Looking at the performance graphs, the URL classifier does shockingly well - better than the more fully-fledged, written-for-humans text snippets from the articles. Relying solely on the paths of articles is not only a reasonable approach - it may be the optimal classification approach in some cases. From these results, the more text that gets provided as input, the worse it performs on the classification task. This holds true even with increased training epochs on longer text inputs, and for the Naive Bayes classifier.
There are obviously many factors to consider before rolling out this approach in a real-world application: How much information do the URLs in your sample contain? What model architecture will you use, and can you swing a longer training run that might better pick up on a larger text snippet? But URLs clearly offer an effective starting point.
Before wrapping up, I want to briefly discuss why this should work at all. News URLs often consist of some combination of hierarchical taxonomy, human-readable text, and unique record identifiers. Consider these examples, from The Verge and Politico:
https://www.theverge.com/24057063/neck-reading-light-review-book-night-dark
https://www.politico.com/news/magazine/2024/02/03/us-iran-proxy-war-00139445
Numerical identifiers are obviously less useful, but everything else conveys information about the topic and contents of the piece. And in some ways, this information can be a better signal than a larger snippet of text - it distills the crux of the piece into a few keywords, preemptively filtering out noise that might degrade model performance.
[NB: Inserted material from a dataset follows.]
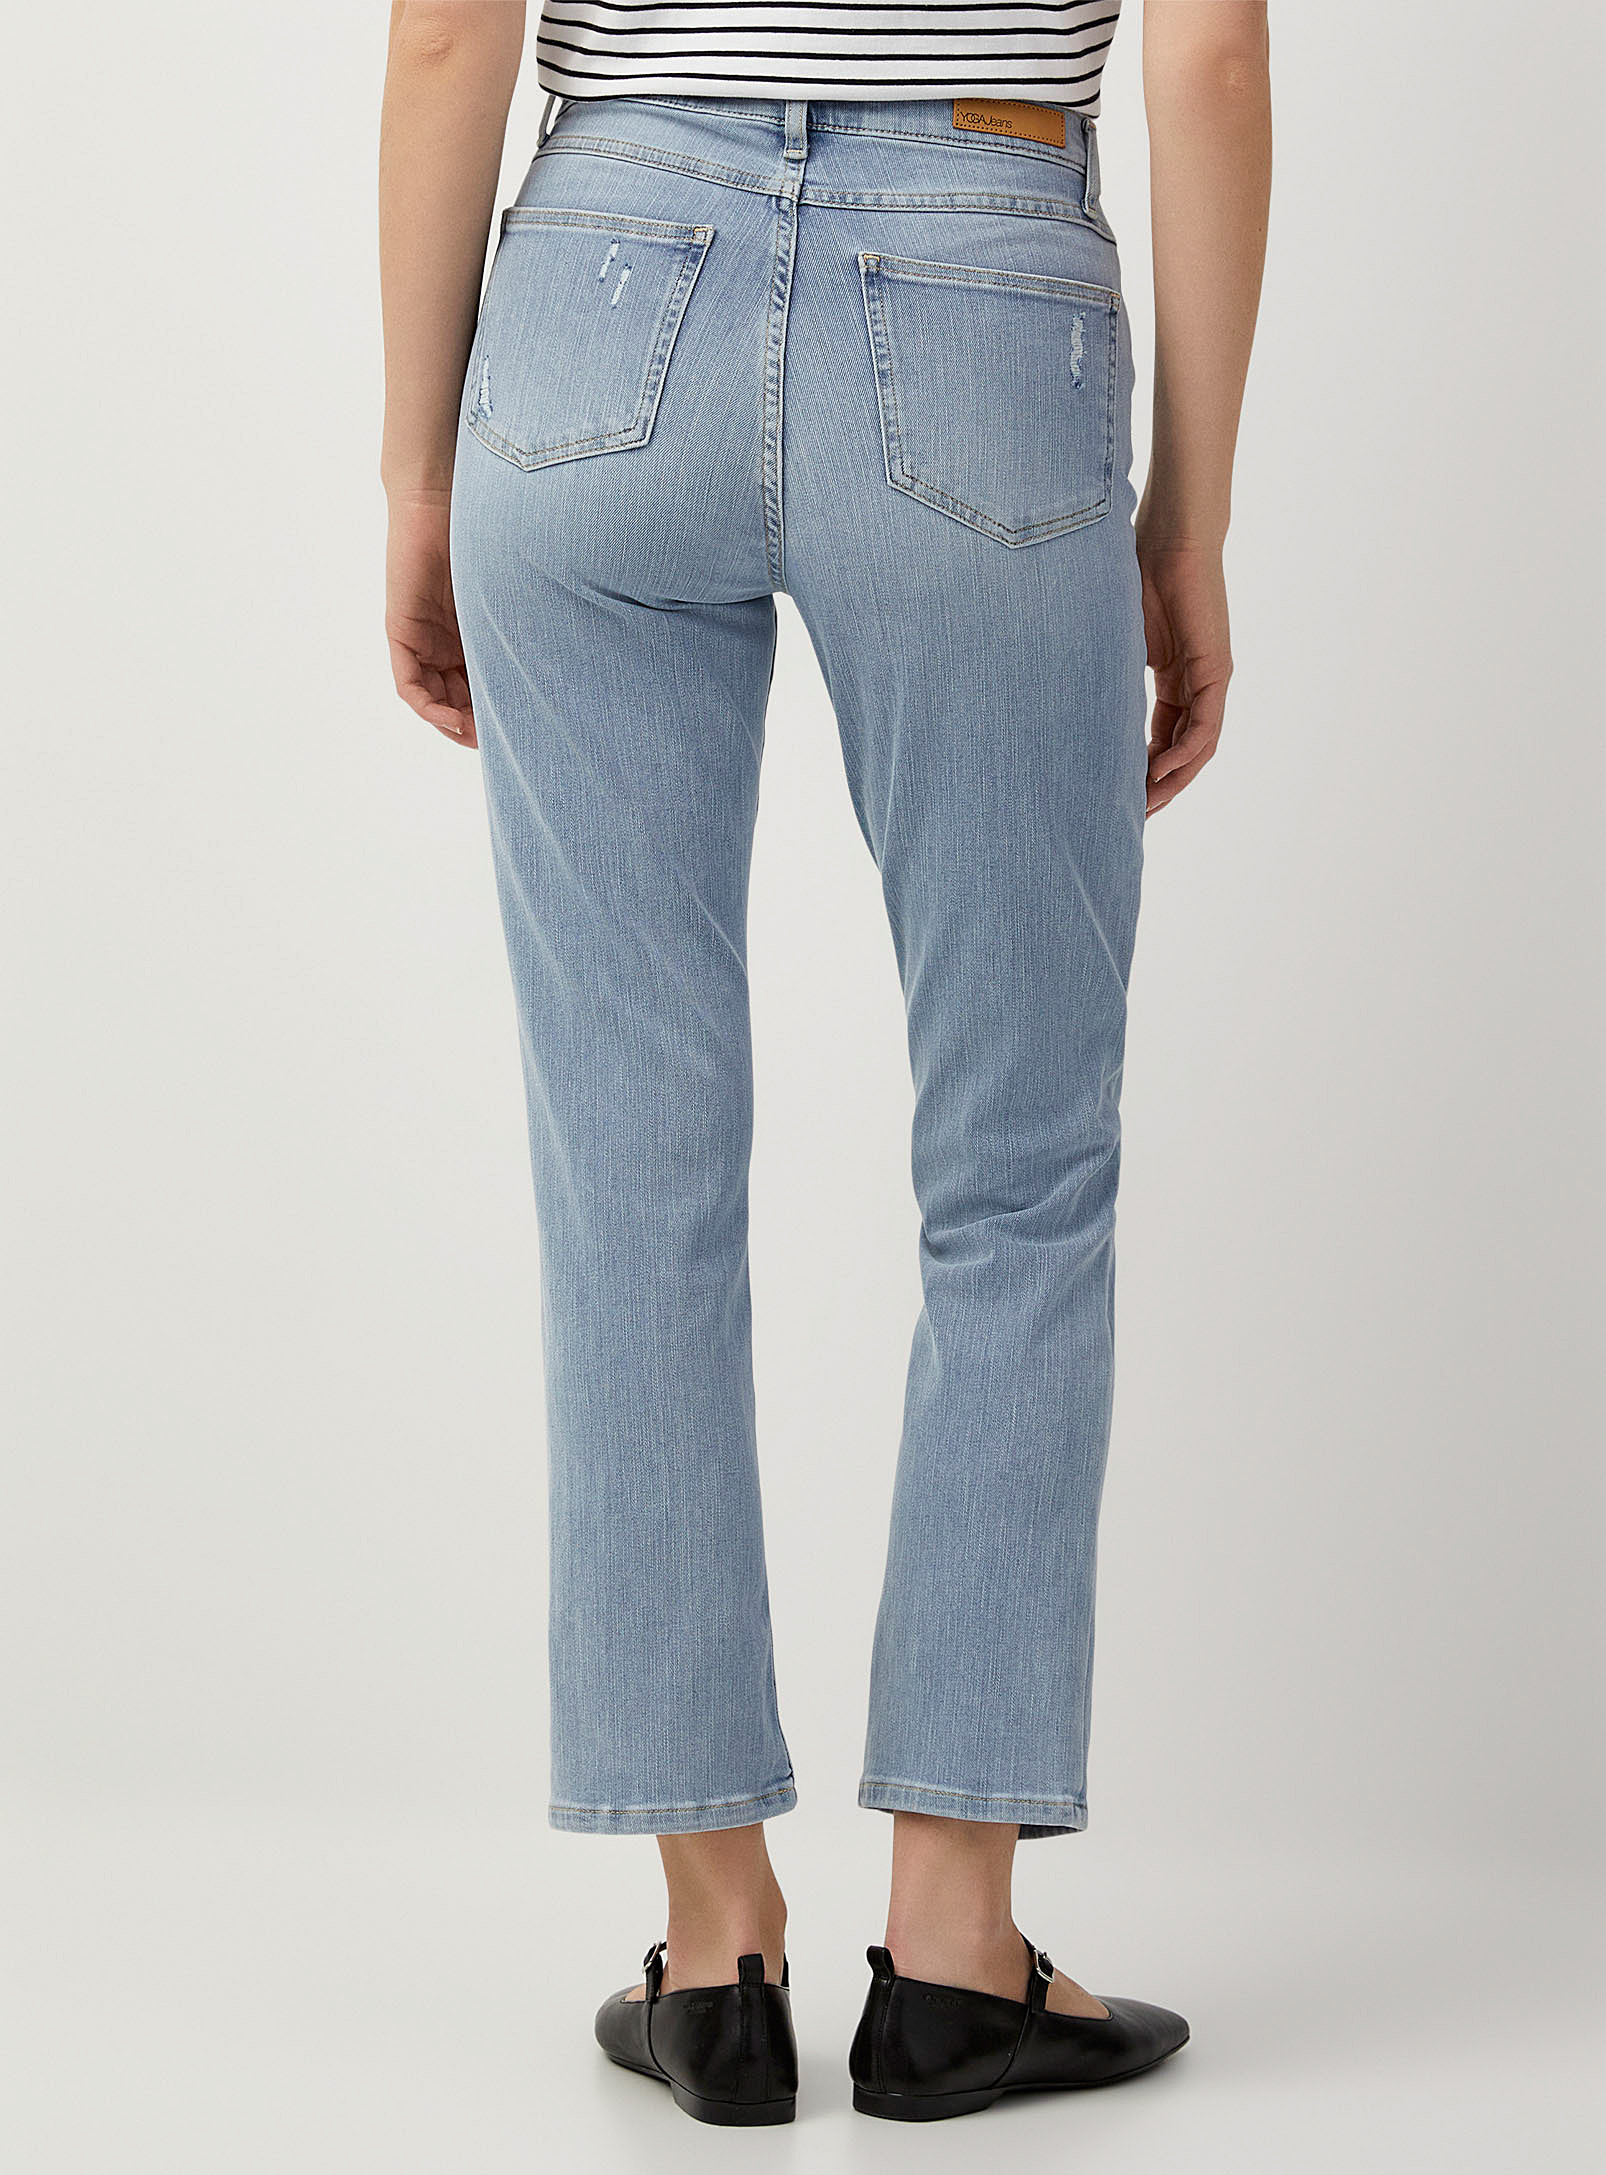 Yoga Jeans - Le jean étroit Emily bleu pâle

Does this suggest that we should all be running NLP on news article URLs every time we want to know something about them? I don't think so - there's a lot of variation in slug format, in the taxonomy of paths, and in how well they might map to what we want to know about the article they represent. But I do think this approach represents an interesting exercise in shrinking down language modeling. Rather than basing our predictions on every available scrap of text, we're paring down to smallest possible signal from source data. I think this represents a broader balance to strike within language modeling, finding the equilibrium between model sophistication and dataset size that makes these kinds of tasks both tractable and accessible.